__YOUR INSTRUCTIONS__
Range to copy from the entries below: the line containing "A Uighur woman" through the line containing "Todenham-Manor-Farm---Linocut-Landscape-Web.jpg", inclusive. Retype only those lines, exactly, without any images.

__MATERIAL FOR THE TASK__

───

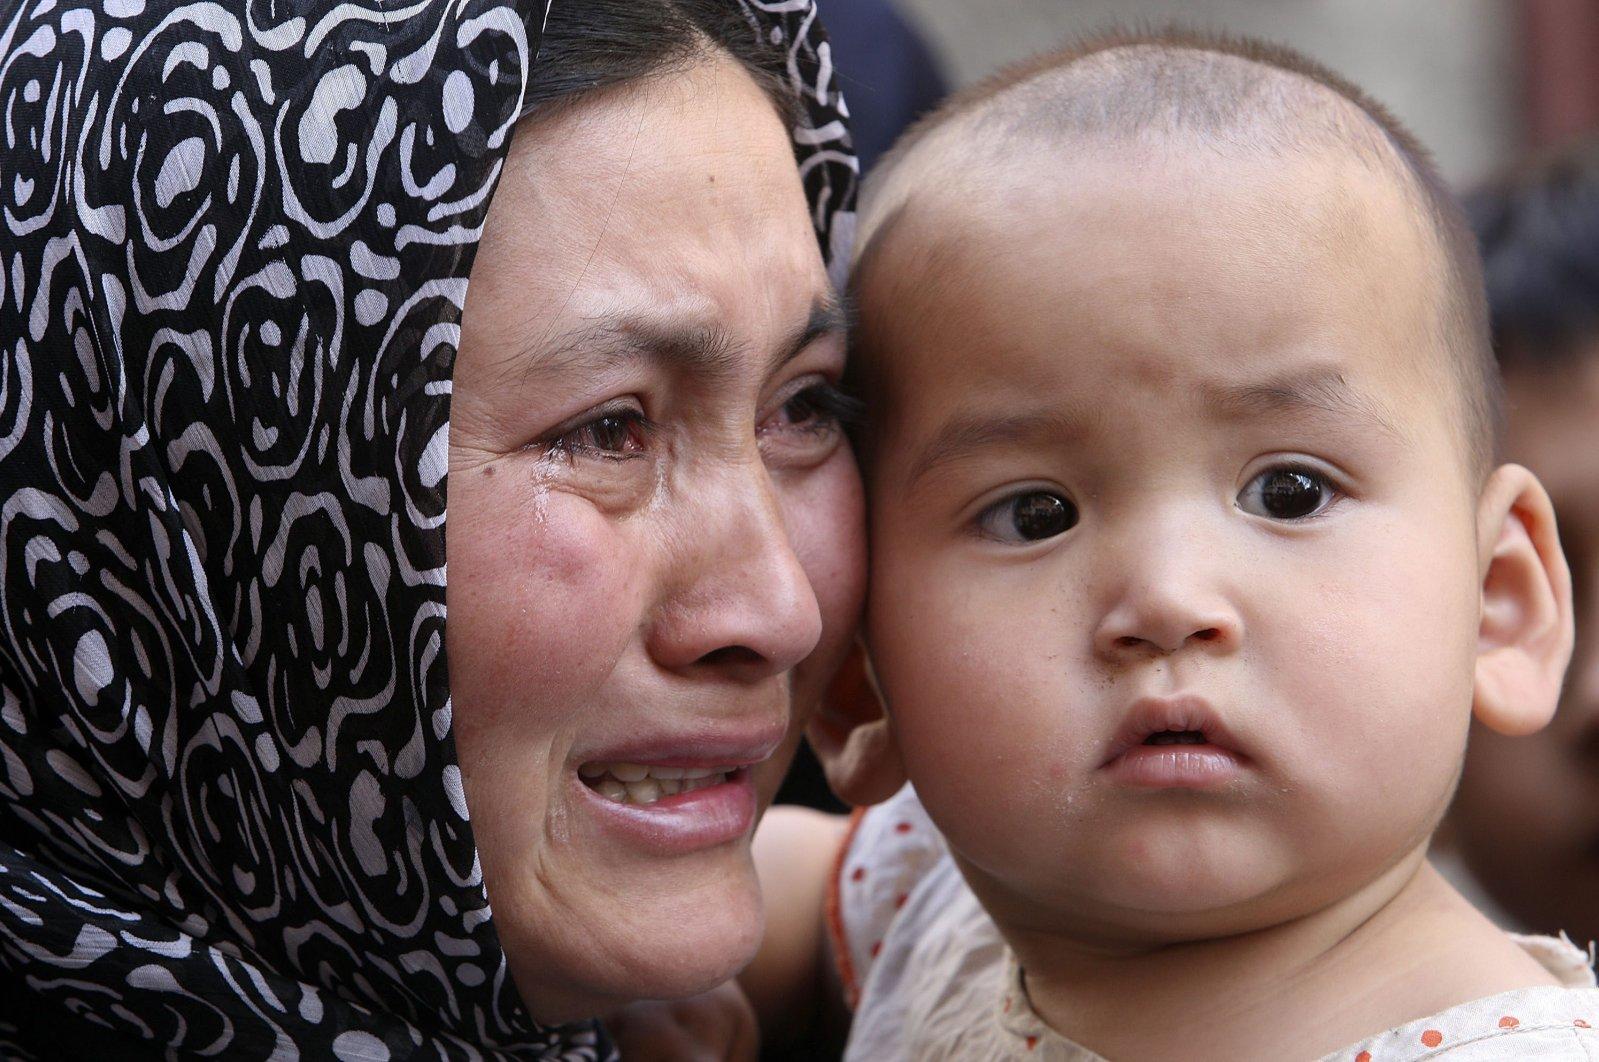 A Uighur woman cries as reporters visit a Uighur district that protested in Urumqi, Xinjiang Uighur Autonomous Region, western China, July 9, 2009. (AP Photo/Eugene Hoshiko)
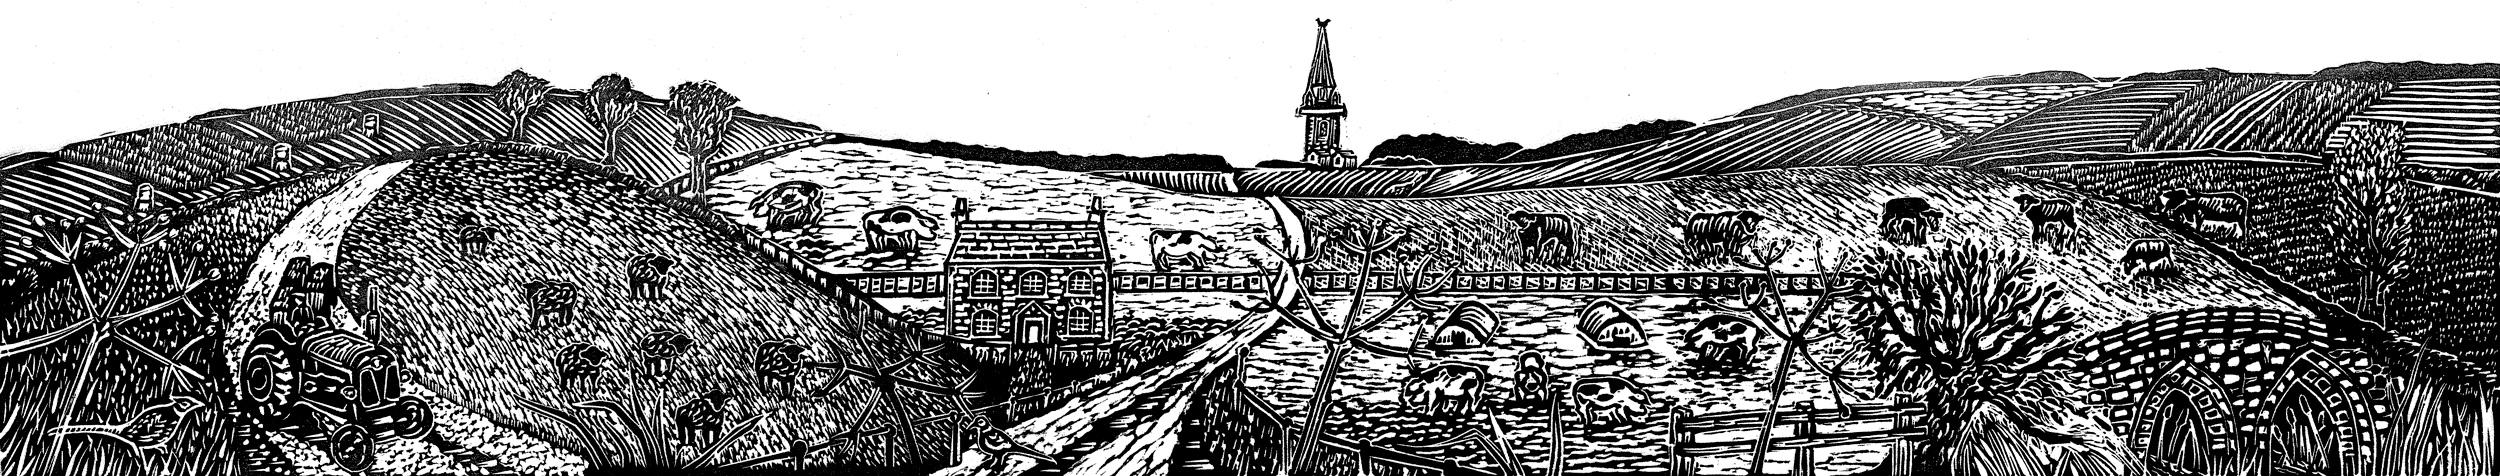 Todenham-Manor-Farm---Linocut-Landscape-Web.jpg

───

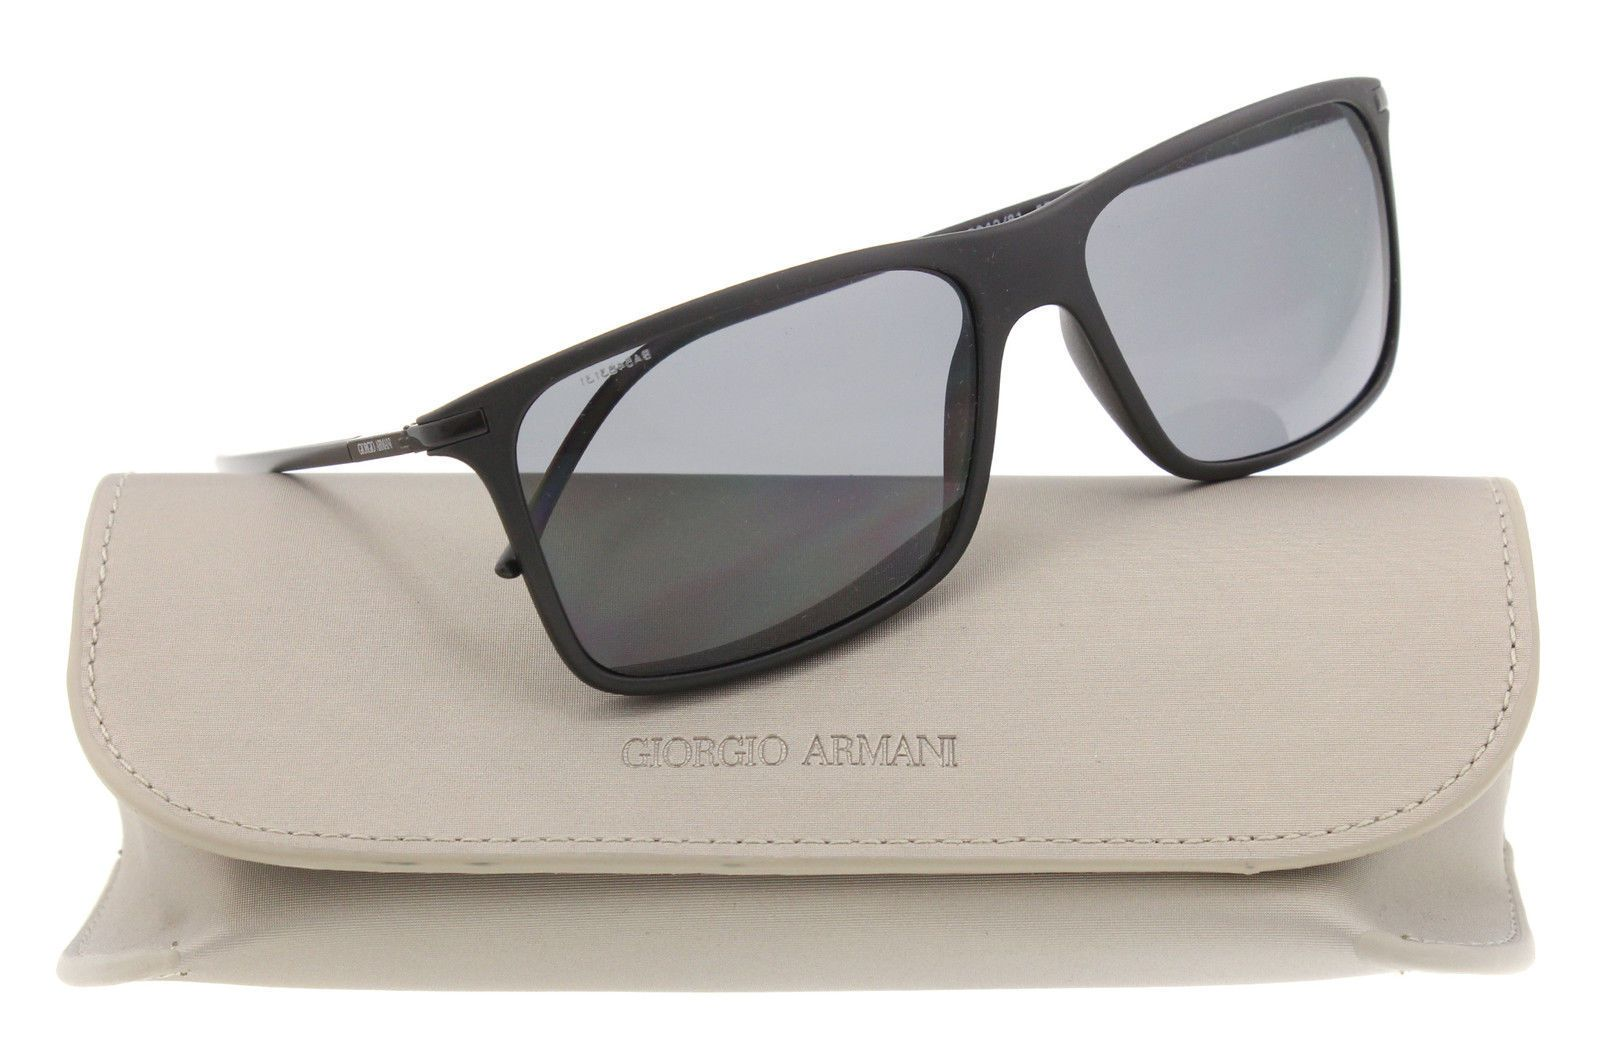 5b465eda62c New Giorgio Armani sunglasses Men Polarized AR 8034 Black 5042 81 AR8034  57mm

───

__EXERCISE RESPONSE__
 A Uighur woman cries as reporters visit a Uighur district that protested in Urumqi, Xinjiang Uighur Autonomous Region, western China, July 9, 2009. (AP Photo/Eugene Hoshiko)
 Todenham-Manor-Farm---Linocut-Landscape-Web.jpg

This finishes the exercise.